## What you will do
Would you write out the lines below exactly, from the one containing "2020 BMW M2" to the very last, but without the pictures?

## Data
****************************************
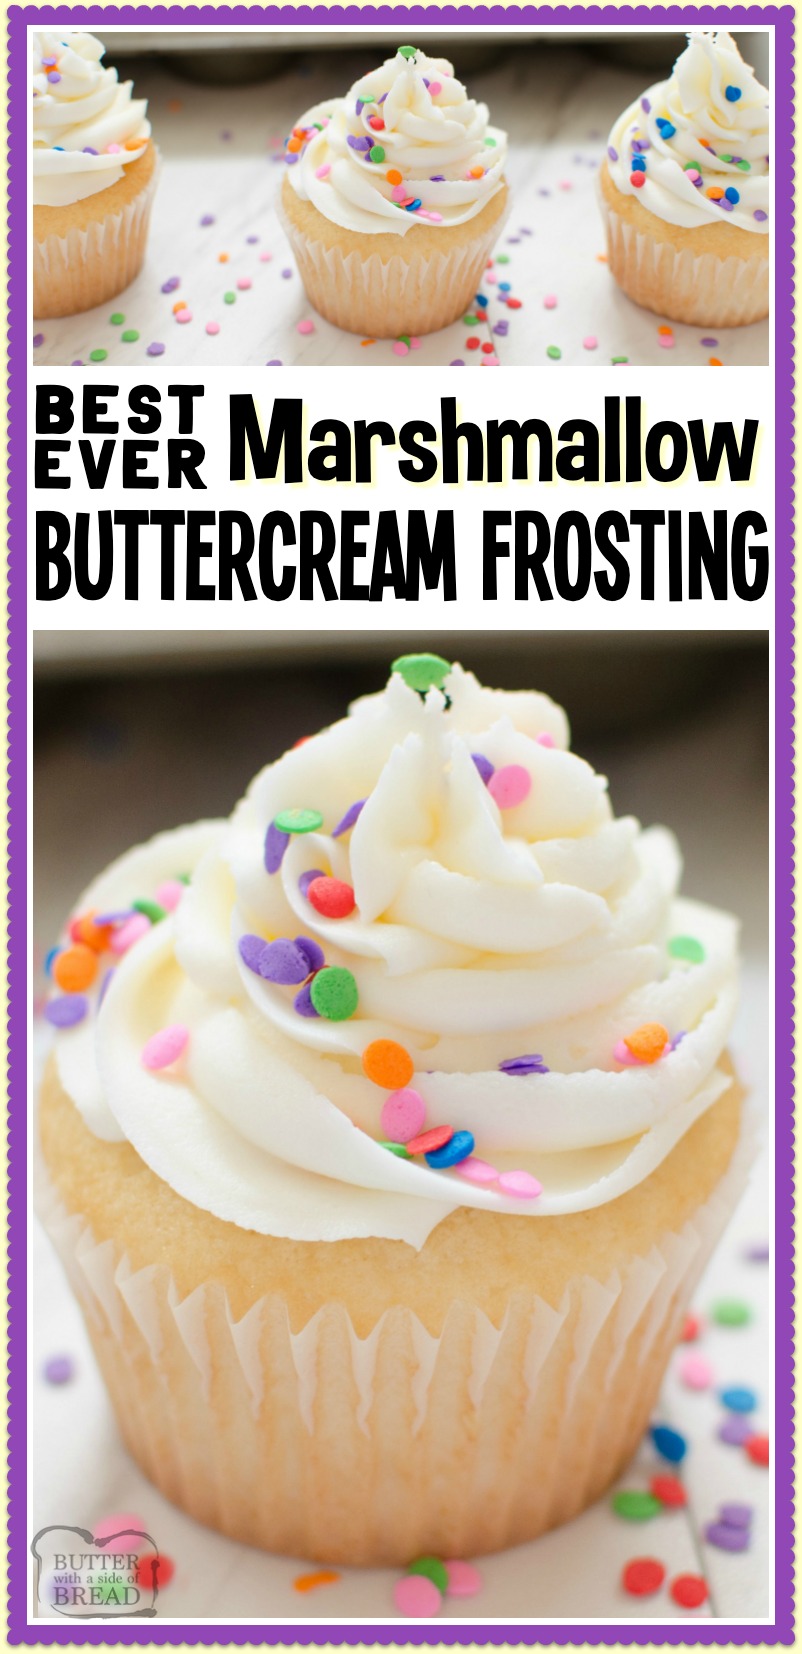 Best Ever Marshmallow Buttercream Frosting is the most delicious homemade buttercream frosting recipe you'll ever taste! Made in minutes with just 5 ingredients; everyone adores this marshmallow buttercream recipe. #frosting #buttercream #butter #marshmallow #baking #dessert #recipe from BUTTER WITH A SIDE OF BREAD
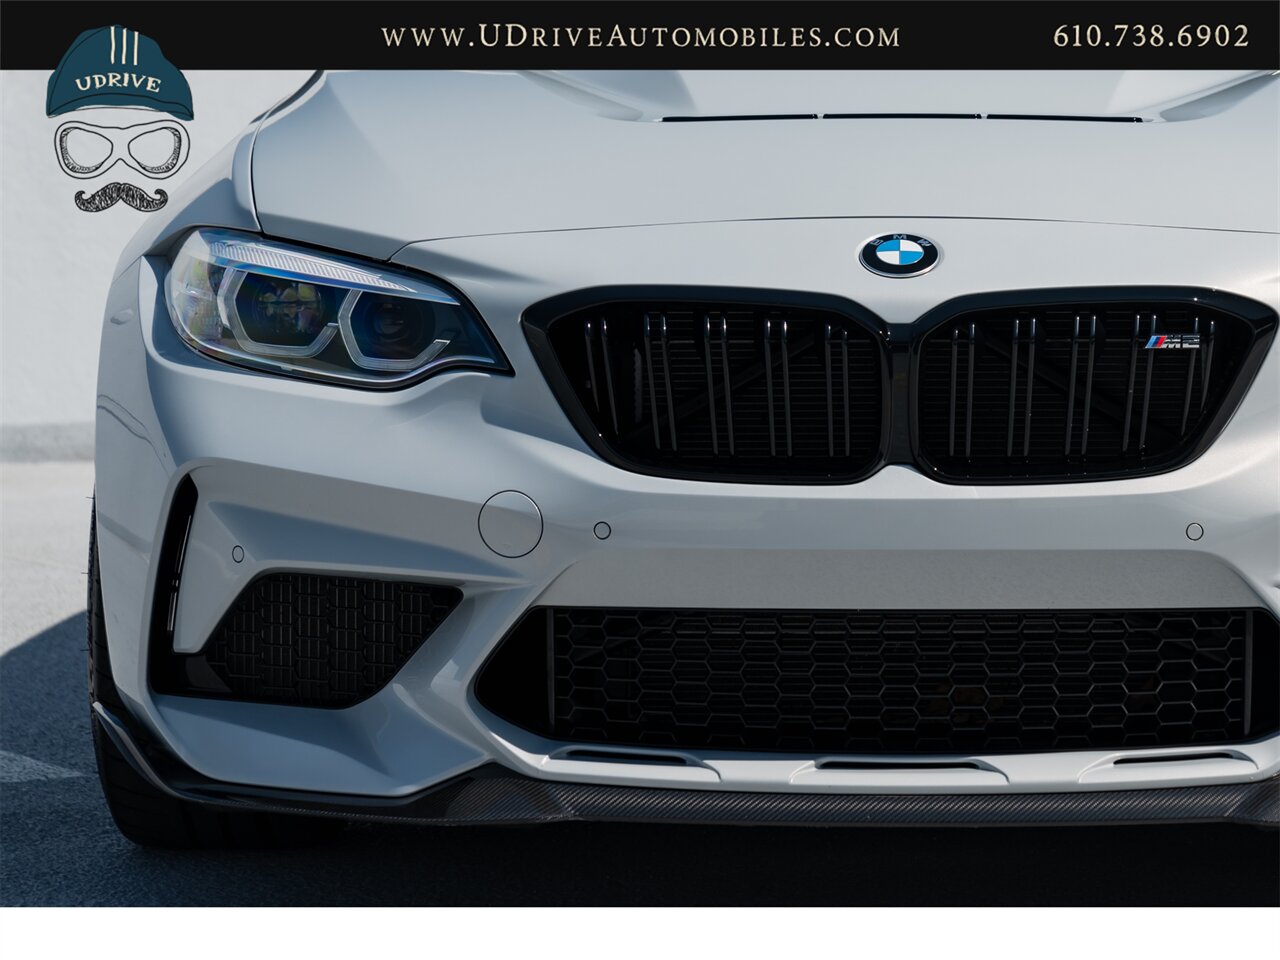 2020 BMW M2 CS  M2 CS 6 Speed Manual 2k Miles Full Body PPF Factory Warranty until 2025 - Photo 13 - West Chester, PA 19382
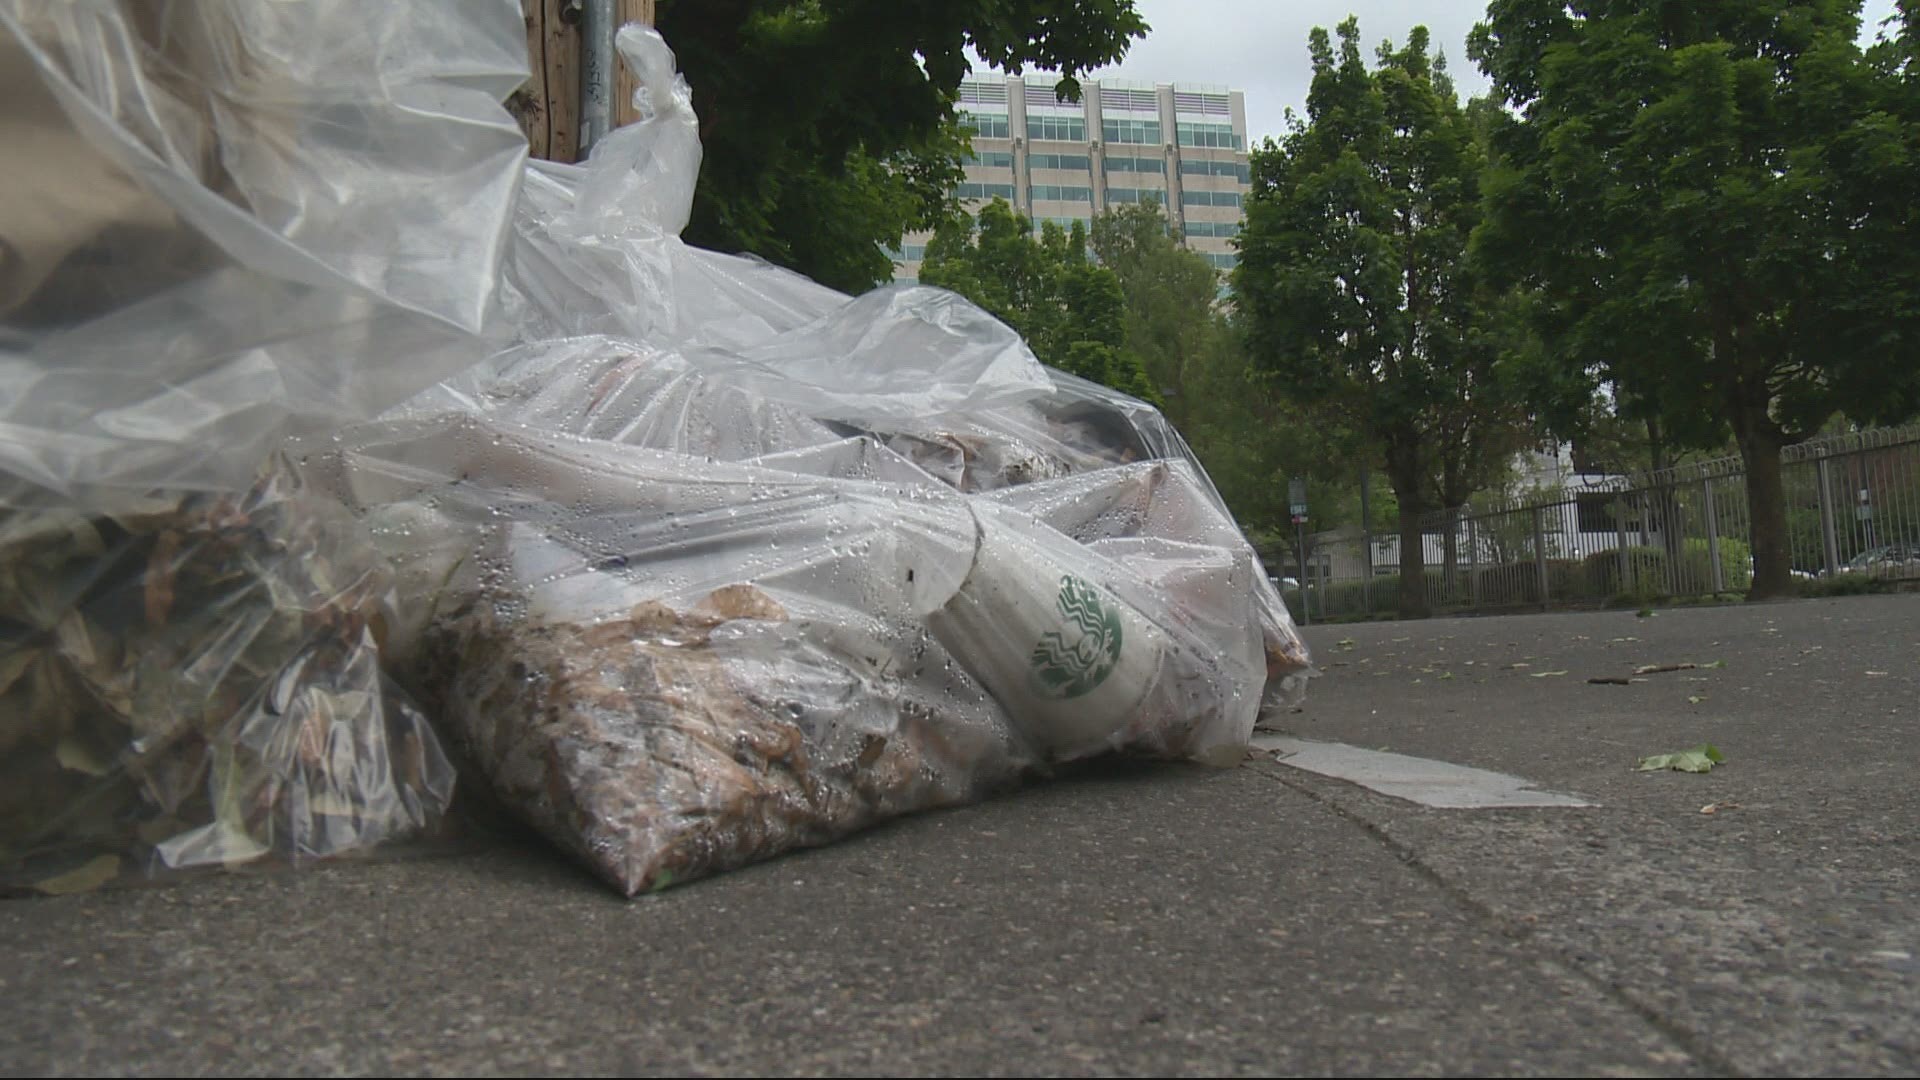 Portland leaders are push efforts to clean up the trash that’s piled up over the last 15 months. Pat Dooris explains how you can help.
****************************************
## Solved problem
 2020 BMW M2 CS  M2 CS 6 Speed Manual 2k Miles Full Body PPF Factory Warranty until 2025 - Photo 13 - West Chester, PA 19382
 Portland leaders are push efforts to clean up the trash that’s piled up over the last 15 months. Pat Dooris explains how you can help.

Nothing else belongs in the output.